Как-то раз, впав в дурашливое настроение, я подумал: не попросить ли Иоава ткнуть под пятое ребро и мою первую жену, Мелхолу. Каким бальзамом для моих истрепанных нервов была перспектива избавиться навсегда от этой язвительной ведьмы! Как я корил себя за то, что потребовал ее назад после того, как Саул отдал ее другому мужу. Конечно, есть такие смирные мужички, которых природа, похоже, порождает не для чего иного, как разве для того, чтобы ими помыкали властные мегеры. Но, сдается мне, я не из их числа. Чтобы человека моего звания пыталась загнать под башмак какая-нибудь стерва – мне это представляется решительно неправильным. Ревность и ехидство, с которыми она регулярно наскакивала на меня после того, как я потребовал ее назад, были совершенно нестерпимы. Лучше жить в углу на кровле, нежели со сварливою женою в пространном доме, лучше жить в дробаной пустыне вроде Зифа, Маона или Ен-Гадди, нежели с женою сварливою и сердитою. К царям это тоже относится. И даже более, чем ко всем прочим. Добродетельная жена вроде Авигеи – венец для мужа своего; а позорище, подобное Мелхоле, – как гниль в костях его. Да, я обрадовался – и ничего тут нет удивительного, – когда мне сообщили, что она помирает. Что она страдает, что ее мучают боли. «Свят Господь! Господь милосерд!» – воскликнул я и в тот же день принес в жертву ягненка.
Одна из причин, по которой я не стал просить Иоава ткнуть Мелхолу под пятое ребро, состояла в том, что я не сомневался – он это сделает.
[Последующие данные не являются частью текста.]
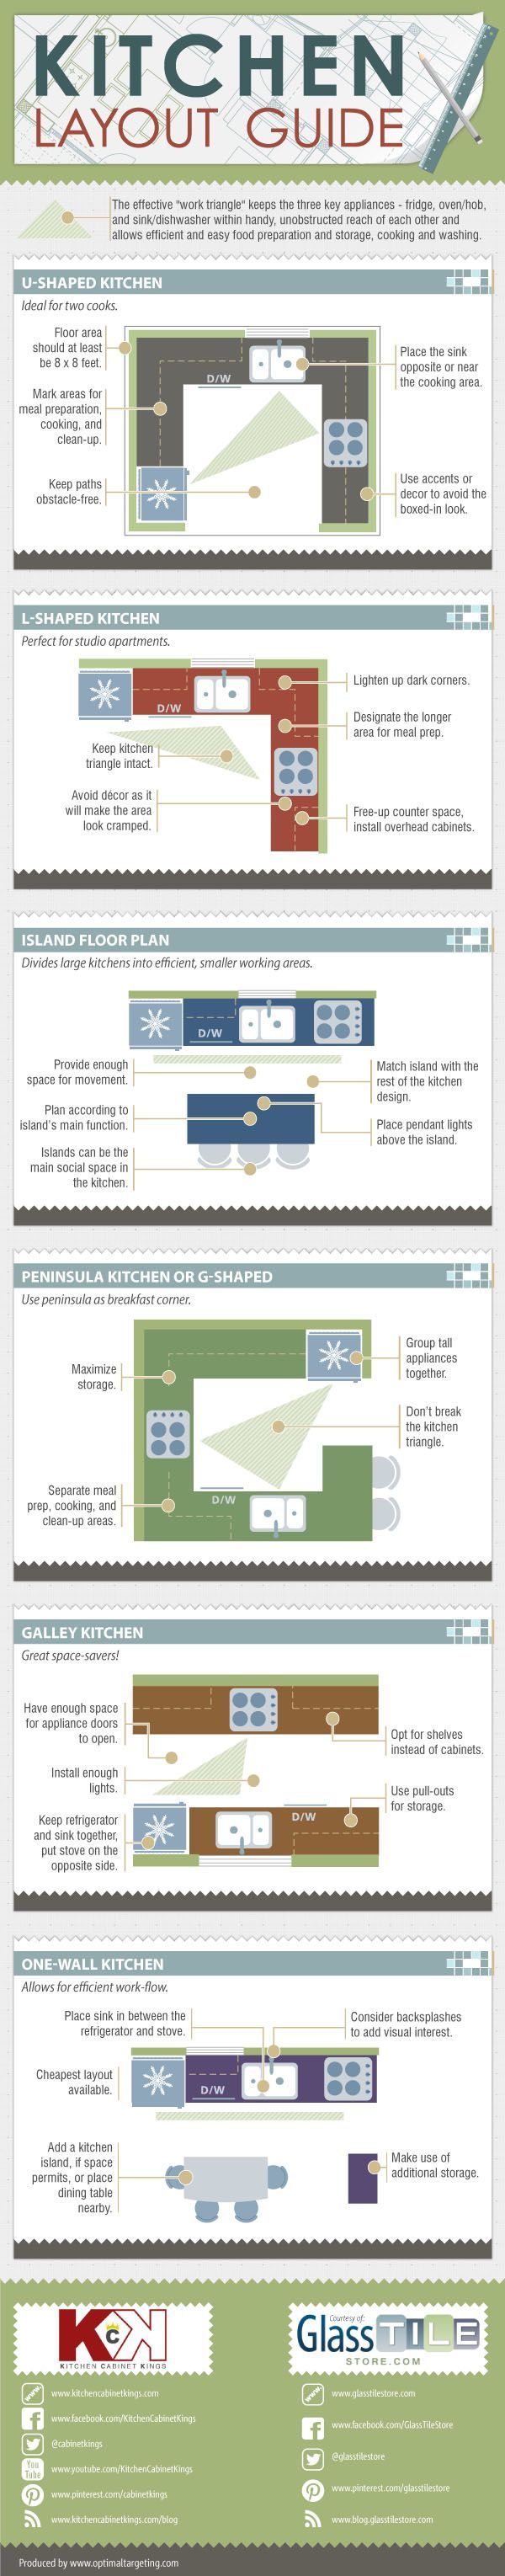 Kitchen layouts

Никакие предчувствия вульгарных свар подобного рода не посещали меня, удручая мой дух, в день, когда я убил Голиафа. У меня еще не было строптивой жены, чтобы портить мне жизнь, у меня вообще ни одной жены не было. И умерших детей тоже. Меня не мучила память об утрате ребенка, которого я и узнать-то толком не успел, не мучила память об ужасном, хладнокровном убийстве другого сына, постарше, которого я любил слишком сильно. Бедный мальчик. Пока дитя болело, я лежал, прижимая лицо к земле, и молил Бога о милости, о сохранении жизни стенающему младенцу. Кожа его иссохла, горела. С таким же успехом я мог разговаривать сам с собой. Я снова понял то, что знал и раньше: никакого , никакогомилосердия ждать от небес не приходится. Я все еще не простил Бога за то, что Он так со мной поквитался, и уверен, никогда не прощу, даже если Он миллион лет будет умолять меня о прощении, даже если выяснится, что Он с начала времен к нам сюда вообще не заглядывал. Посмотрите сами, Он вечно делает то, что хочется Ему, а не нам. Посмотрите, как Он снимает вину с меня и возлагает ее на невинное дитя. По-моему, это и есть самый настоящий первородный грех, разве не так? Посмотрите, как Он дал мне теперь эту ангелоподобную, любвеобильную девственницу с глазами темными, как виноградины, с матовой ореховой кожей, с лицом сердечком, которое мне так хочется погрузить в мягкое тепло моих дрожащих ладоней, – дал, когда я уже слишком стар, чтобы вполне насладиться ею, когда я боюсь, что мне недостанет сил, чтобы еще раз войти в девицу. И как Он заново угрызает меня жадной и жалкой тягой к Вирсавии, которая говорит, что ее тошнит от любви, и неизменно отвергает меня самым унизительным образом, какой только можно представить, – не придавая значения моему желанию обладать ею. Она даже представить не может, как меня это ранит. Да и вообще ей наплевать.
Я не верю, что я ей противен, потому что она обычно пробует, а то и доедает то, что я оставляю в моей чашке, отправляя еду в рот прямо пальцами и между тем не переставая жаловаться на ночное несварение и все возрастающий вес.
– Что это за красная штука, которую ты кладешь ему на хлеб, и в бобы, и в измельченный латук? – спрашивает она Ависагу, проявляя вялый интерес и к девушке, и к еде, которую та заботливо для меня готовит.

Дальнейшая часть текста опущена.